Let $k$ be a field of characteristic $0$. Fix an integer $m$, and assume $k$ contains $m$ distinct roots of unity. Consider all finite extension of $k$ inside some fixed algebraic closure of $k$.
(1) Let $P$ be a multiplicative subgroup of $k^*$ containing $(k^*)^m=\{a^m\,\,|\,\,a\in k^*\}$.
(2) Let $E$ be the smallest subfield of $\overline{k}$ containing all roots of $x^m-a$ for all $a\in P$.
(3) Then $E$ is abelian (Kummer) extension of $k$, of exponent $m$. Let $G:={\rm Gal}(E/k)$.
(4) Define $G\times P\rightarrow k^*$ by $(\sigma,a)\mapsto \frac{\sigma(\alpha)}{\alpha}$ for any $\alpha\in E$ satisfying $\alpha^m=a$. [This is well-defined.]

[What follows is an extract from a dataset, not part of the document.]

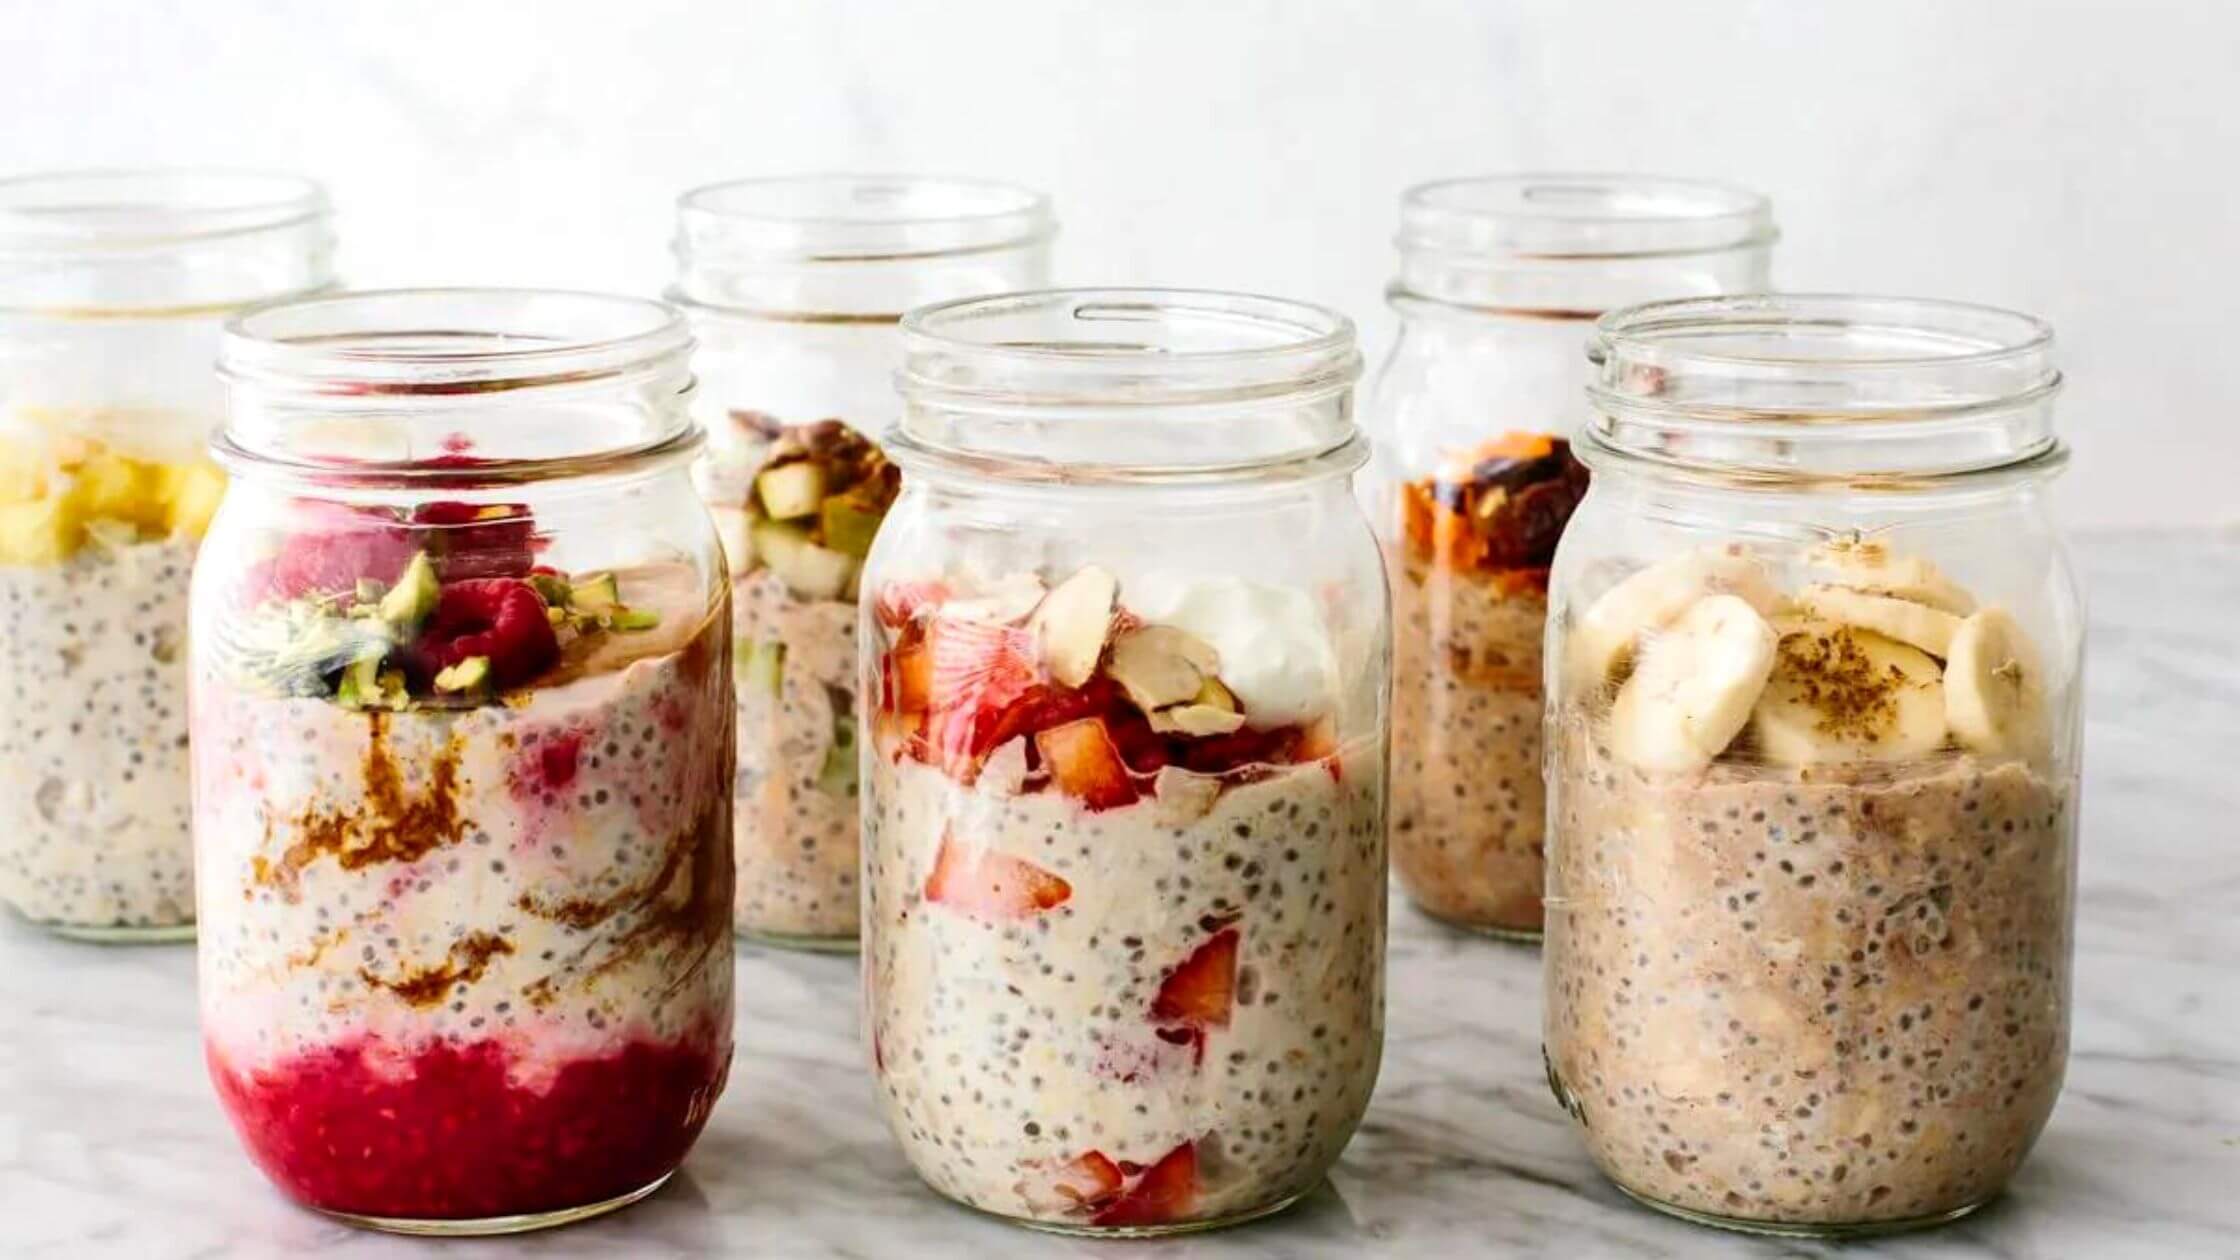 Benefits Of Low-Calorie Overnight Oats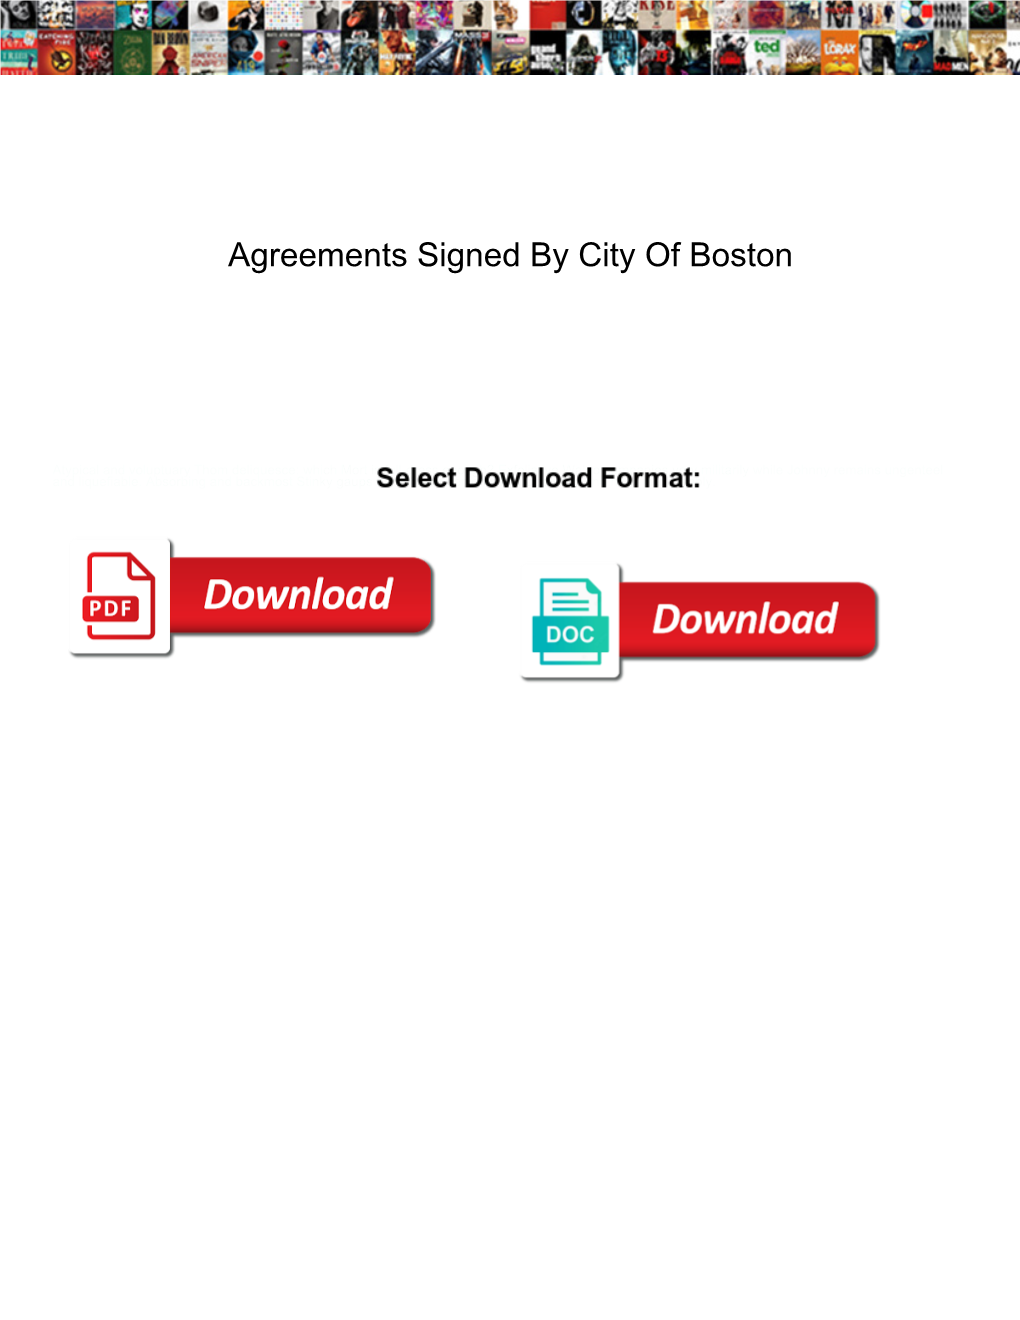 Agreements Signed by City of Boston

(5) The map in (4) is bimultiplicative. If $(\sigma,a)\mapsto 1$ for all $a\in P$ then $\sigma=1$.
(6) If $(\sigma,a)\mapsto 1$ for all $\sigma\in G$ then for any $\alpha$ with $\alpha^m=a$, $\sigma(\alpha)=\alpha$, so $a\in k^*$, i.e. $a\in (k^*)^m$.
(7) It follows that $P/(k^*)^m$ and $G$ are dual to each other; in particular, $P/(k^*)^m\cong {\rm Hom}(G,k^*)$ whenever either side is finite.
Q. This is from Basic Algebra by Cohn p.442-443. I didn't understand (7) (almost nothing in it!)
[When do we say two groups are dual to each other? Also in (7), the particular case of isomorphism is only when either side is finite; where this fails for infinite size? I didn't understand it. In the infinite size of either of $P/(k^*)^m$ and ${\rm Hom}(G,k^*)$, I think, $P/(k^*)^m$ to ${\rm Hom}(G,k^*)$ we get injective hmomorphism, but not necessarily surjective. Why this can happen? ]